« The Bush Bounce | Main | New York Times Proposes to Abolish Electoral College »
Friday
Sep032004

Justice Kennedy Condemns Harsh Federal Sentences

An unlikely advocate has urged the federal government to take a long look at revising America’s approach to criminal sentencing — and especially incarceration. In a blistering speech to the American Bar Association in August 2003, conservative Supreme Court Justice Anthony Kennedy lashed out at America’s obsession with locking up non-violent offenders and tossing away the key:
Were we to enter the hidden world of punishment, we should be startled by what we see. Consider its remarkable scale. The nationwide inmate population today is about 2.1 million people. In California, even as we meet, this State alone keeps over 160,000 persons behind bars. In countries such as England, Italy, France and Germany, the incarceration rate is about 1 in 1,000 persons. In the United States it is about 1 in 143.


We must confront another reality. Nationwide, more than 40% of the prison population consists of African-American inmates. About 10% of African-American men in their mid-to-late 20s are behind bars. In some cities more than 50% of young African-American men are under the supervision of the criminal justice system.
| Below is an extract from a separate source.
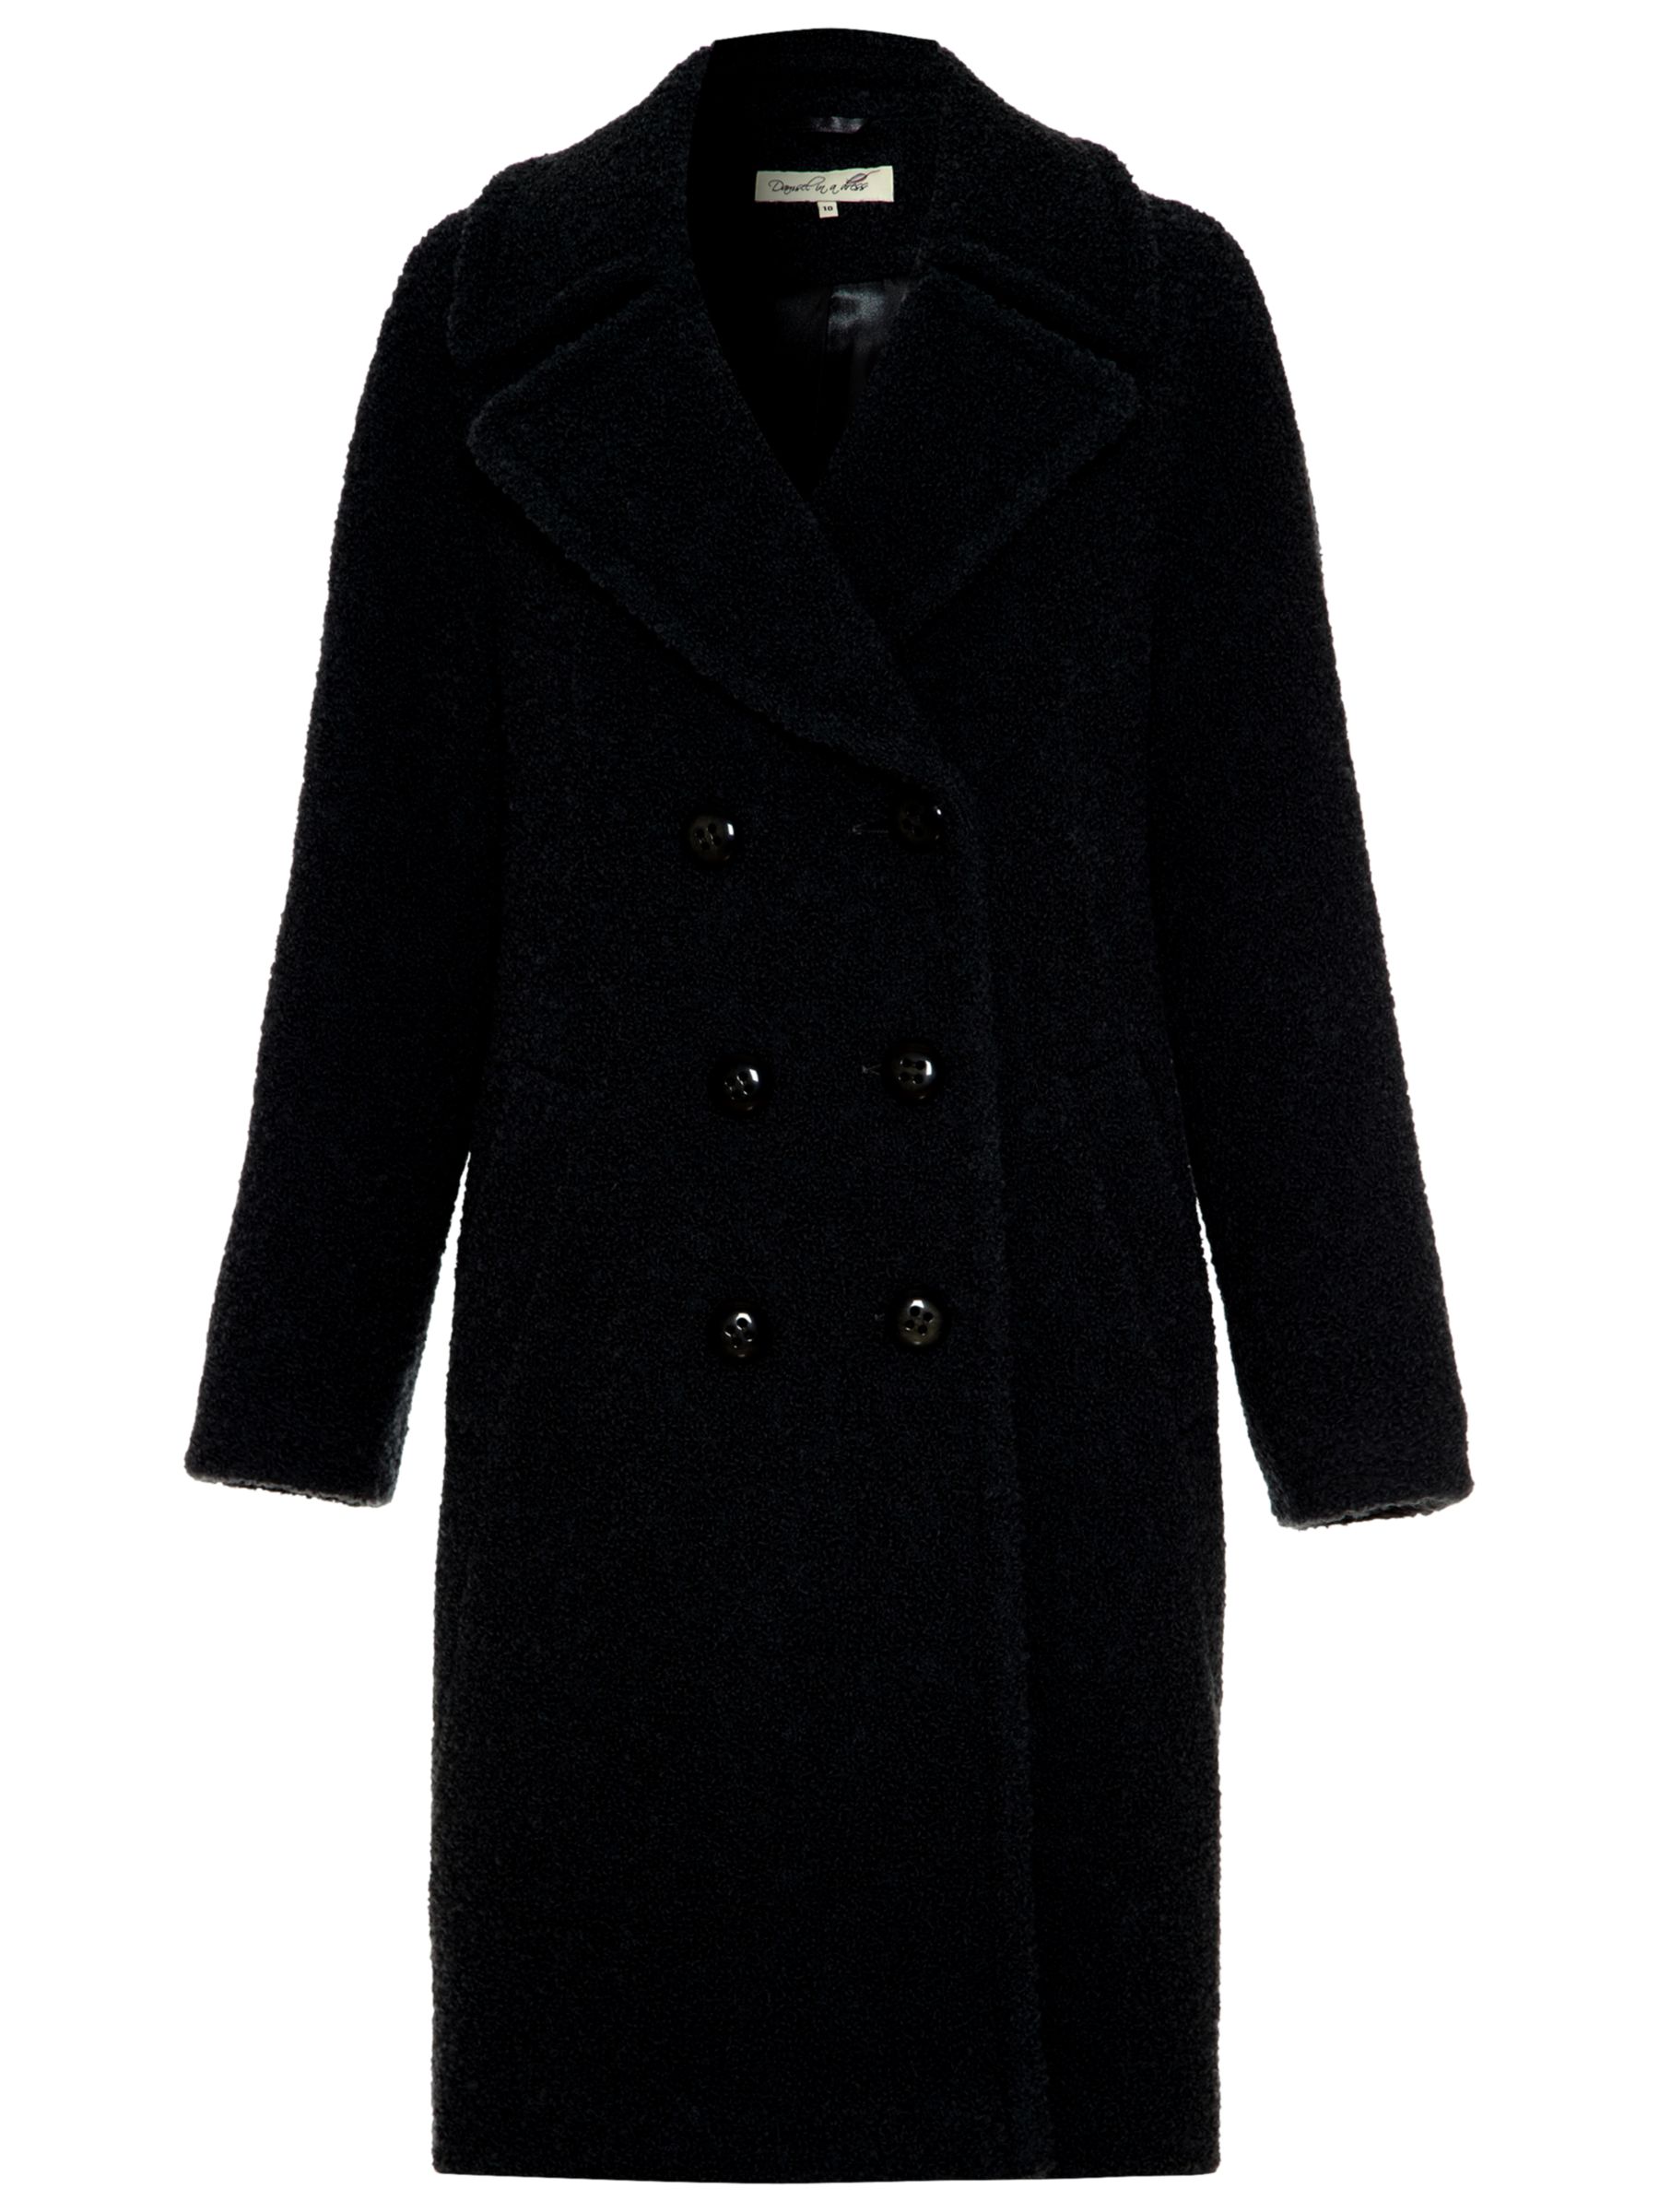 Damsel in a dress Charlecote Coat, Black

While economic costs, defined in simple dollar terms, are secondary to human costs, they do illustrate the scale of the criminal justice system. The cost of housing, feeding and caring for the inmate population in the United States is over 40 billion dollars per year. In the State of California alone, the cost of maintaining each inmate in the correctional system is about $26,000 per year. And despite the high expenditures in prison, there remain urgent, unmet needs in the prison system.
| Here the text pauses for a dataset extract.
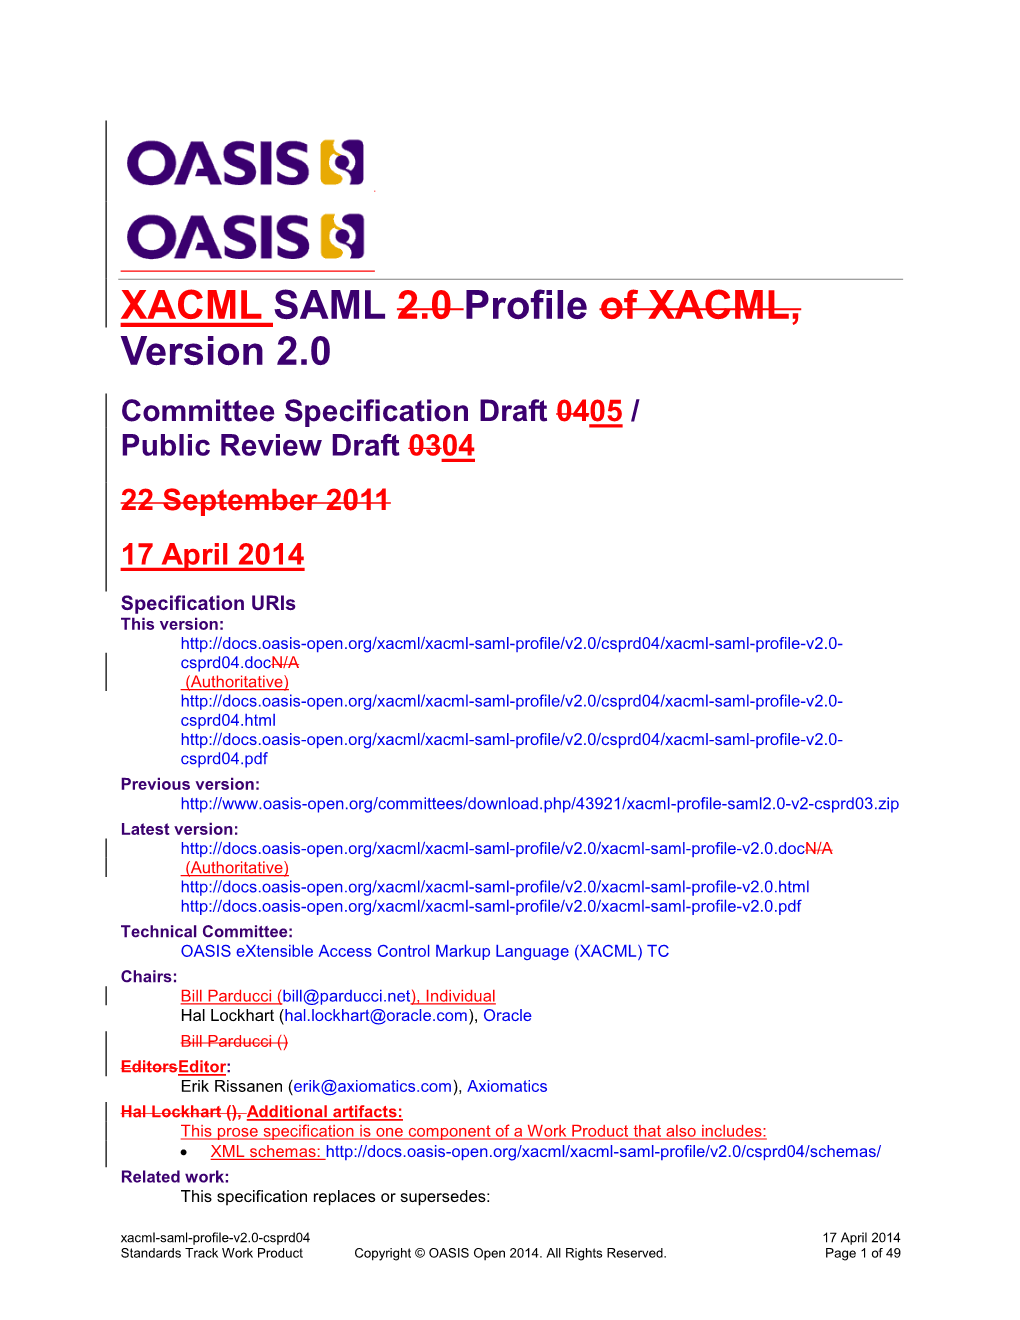 XACML SAML Profile Version

It is no secret why this has happened. Since about the mid-1970s, Congress and the state legislatures have routinely stiffened the criminal codes, mandating generally longer sentences and reduced opportunities for parole. (The federal system abolished parole entirely, meaning that an unreasonably harsh sentence can almost never be corrected afterwards.) The trend is less pronounced at the state level, because states usually need to raise taxes to build new prisons. Indeed, as states face decreasing tax revenues in light of sluggish or negative job growth, many are enacting shorter sentences as a way of reducing correctional budgets.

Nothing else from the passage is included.